Nobody likes bureaucracy. Letters, invoices, mortgage, car, rent, etc. I’m also somebody who doesn’t like paper. Storing it and searching in piles of it. Please no! Also I don’t like this “story” section of any blog post, so I’ll get to it.
I’ve written a handy bash script to scan documents, correct them and process with OCR.
So this to work properly you need to install iscanimage
, imagemagick
and tesseract
. Also using the amazing zathura
to open it for inspection.
pages=${2:-1}
crop_geometry=2400x3480+0+0
skew=0
deborder_cmd=(-fuzz 10% -fill white -draw "color 2540,3500 floodfill" )
for (( i=1; i<=$pages; i++ ))
do
echo $i
scanimage --format tiff --resolution 300 > "/tmp/scan$i.tiff"
skew=`convert -quiet /tmp/scan$i.tiff \
-crop $crop_geometry \
+repage \
-level 10%,80%,1 \
-monochrome \
"pnm:-" | pamtilt`
skew=`perl -e "if (abs($skew)>0.1 && abs($skew)<3.0) { print (- $skew) } else { print 0 }"`
convert /tmp/scan$i.tiff \
-background white \
-rotate $skew \
+matte "${deborder_cmd[@]}" \
-level 10%,80%,1 \
-crop $crop_geometry \
+repage \
+matte \
-format tiff \
/tmp/scan_converted$i.tiff
done
tiffcp /tmp/scan_converted*.tiff /tmp/scan_merged.tiff
tesseract /tmp/scan_merged.tiff - pdf > $1.pdf
rm /tmp/scan*
zathura $1.pdf
Save this somewhere in $PATH
(don’t forget to chmod +x
). And then calling it is easy. Just add a filename and how many pages it will be:
$ scan mortgage_`$date -I` 4
This will scan four pages and save it as mortgage_<CURRENT_DATE>.pdf
.
OK, you might ask, this solves the “piles of paper problem”, but how do I search in this mess? Easy just use my (quickly put together, poorly documented) smart little cli tool: pdfq.
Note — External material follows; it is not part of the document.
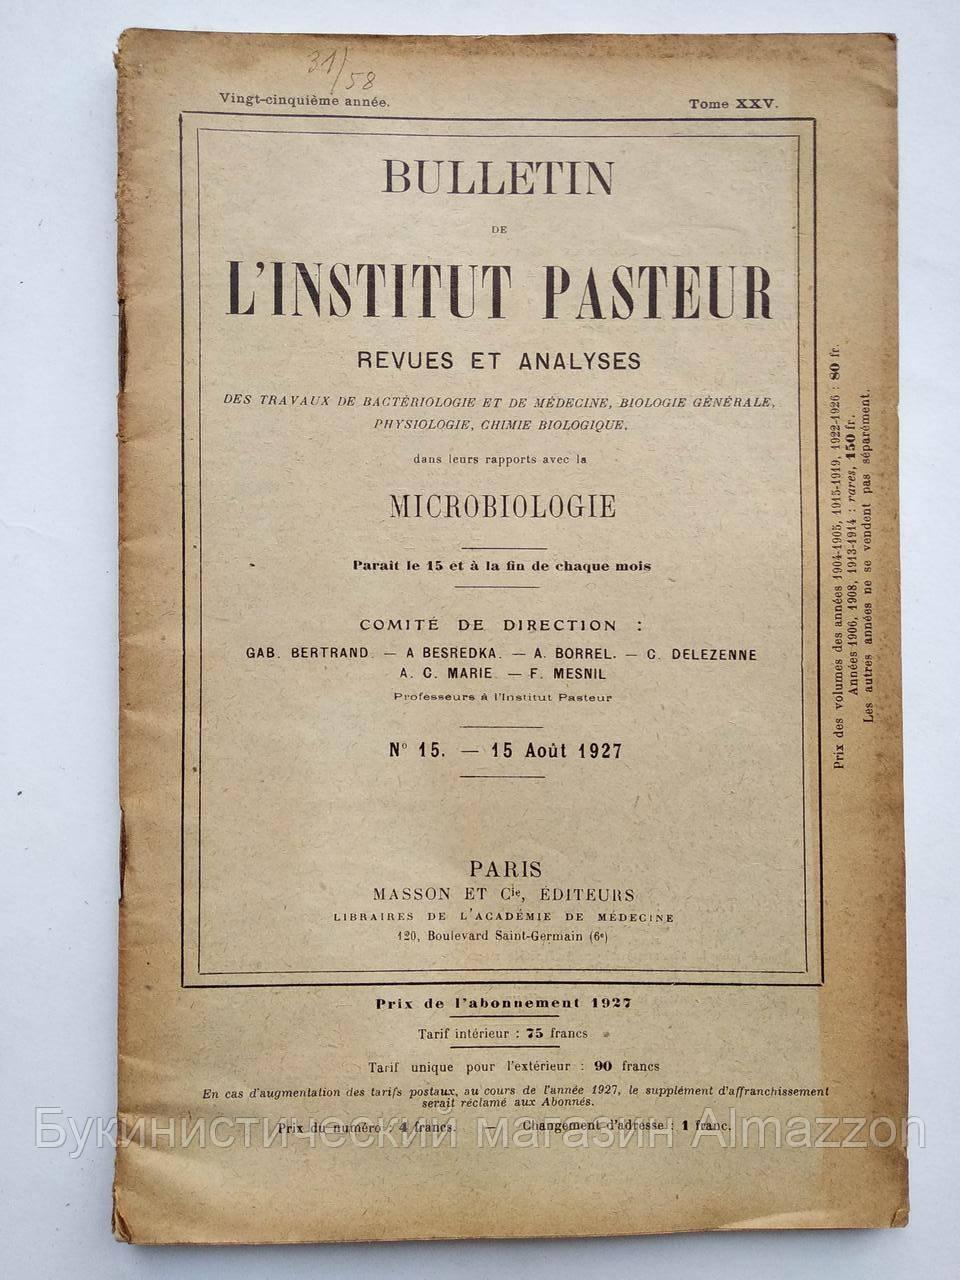 1927 Bulletin L`Institut Pasteur Microbiologie Paris. Микробиология Реклама. Институт Пастера в Париже

Install it using go install git.sr.ht/~ghost08/pdfq@latest
. Then navigate to your scan pile directory and create a index:
$ pdfq index
pdfq
uses bleve for a fulltext search index and searching documents is easy:
$ pdfq search mortgage
/home/vlado/scanpile/mortgage_20220214.pdf
/home/vlado/scanpile/mortgage_20220321.pdf
Managing bureaucracy with some hacking, linux and open source is a breeze :)